A Counsellor/Single Mum and Socially Engaged Buddhist Shares her Spiritual Practice – Part 1


“My name is Carmen andd I have practiced with Bodhicitta Foundation sangha in Australia for about 4 years. I would say that I am an off and on practitioner depending on how my life is going in general. When things are going relatively well, my Buddhist practice tends to shift in the background and it becomes less of presence in my life, still there but gently humming in the background like an air conditioner on a hot, dry day. When things are not going so well…..well it becomes a fierce presence in my life and feels like a constant fire burning in my belly.

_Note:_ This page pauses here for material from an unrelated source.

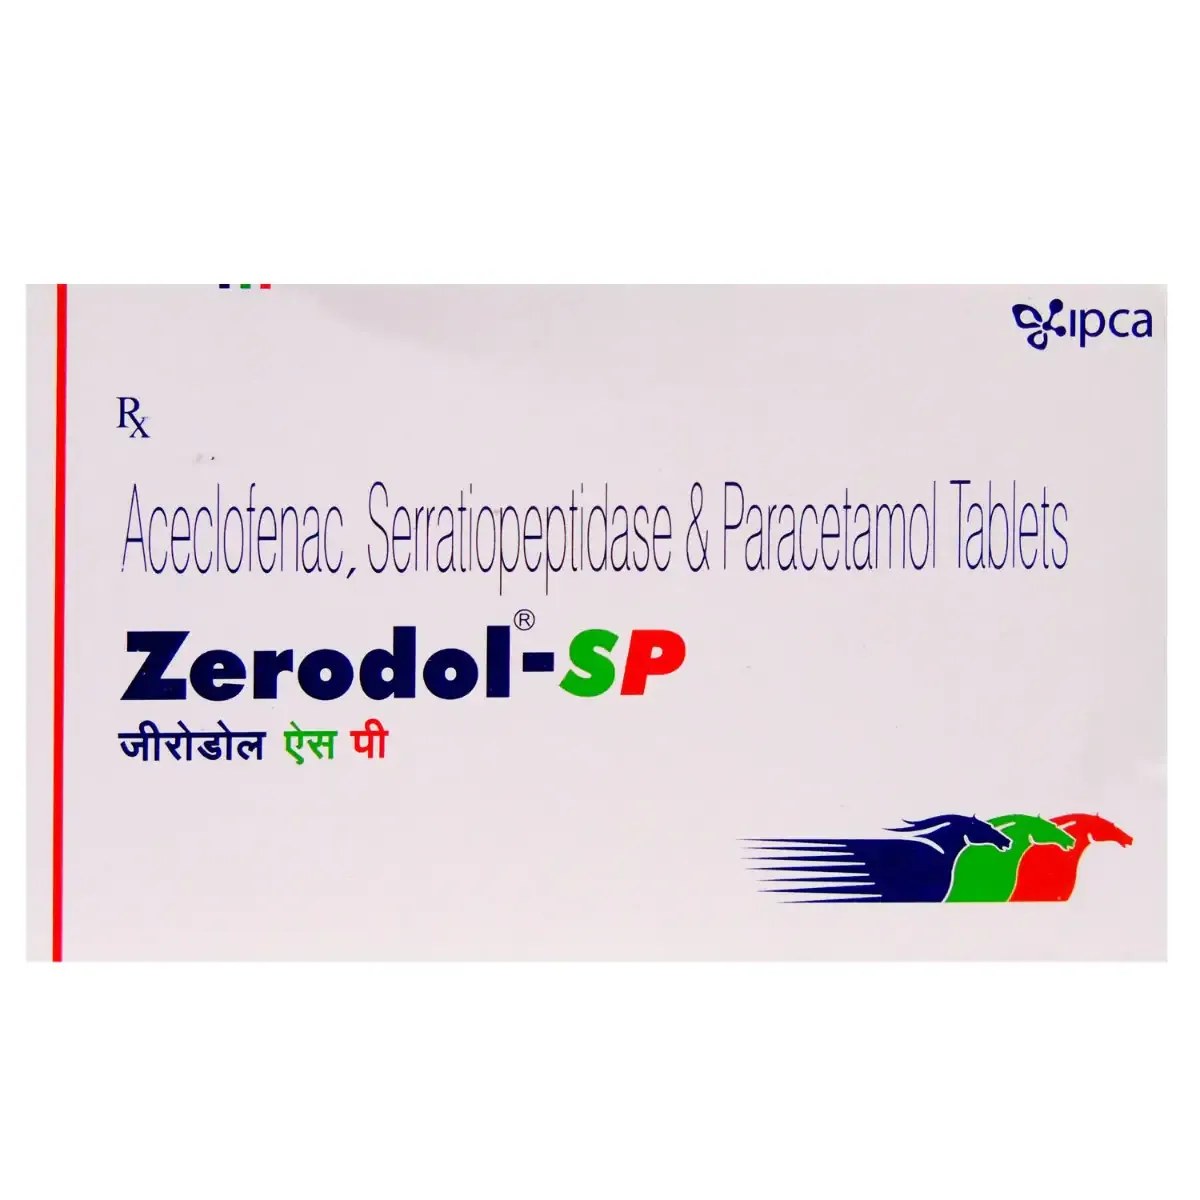 Zerodol SP Tablet Uses, Benefits, dosage, Side Effects, concerns

I am daily reminded of the teachings that Buddha taught – lessons about change and impermanence, the nature of suffering, 3 poisons, karma and also the general remedies that alleviate suffering – compassion, generosity, kindness, patience and above all else, make life meaningful by remembering other sentient beings suffer too and also need my help. By experiencing personal suffering it makes me feel more connected with and compassionate towards all sentient beings, which if you can turn around, is a gift, and from that place of hurt and pain, love flows freely.water

It was having a baby that really taught me about the heart of bodhicitta. I don’t think I have ever felt a love like it before for another sentient being, well I thought I may have experienced it from time to time when I lived in India volunteering in a slum community. Really I felt so incredibly happy there despite the living conditions being very harsh for a soft westerner used to all the comforts of home. Forgetting about oneself and immersing myself in another world and devoting myself to serving others….. well….it brought me incredible moments of clarity, peace and joy unlike anything else I have tried. It was at that moment I decided that helping others is the key to my own happiness and from that moment on I have tried to pursue those values in my professional life.

Even then I got to close the door and lock the world out when I needed a few hours respite from the crazy heat, noise and chaos of the Indian streets. Not so when you have a baby and life changes so drastically! Uh –oh…I realised this particular suffering I was going to have to face head on!”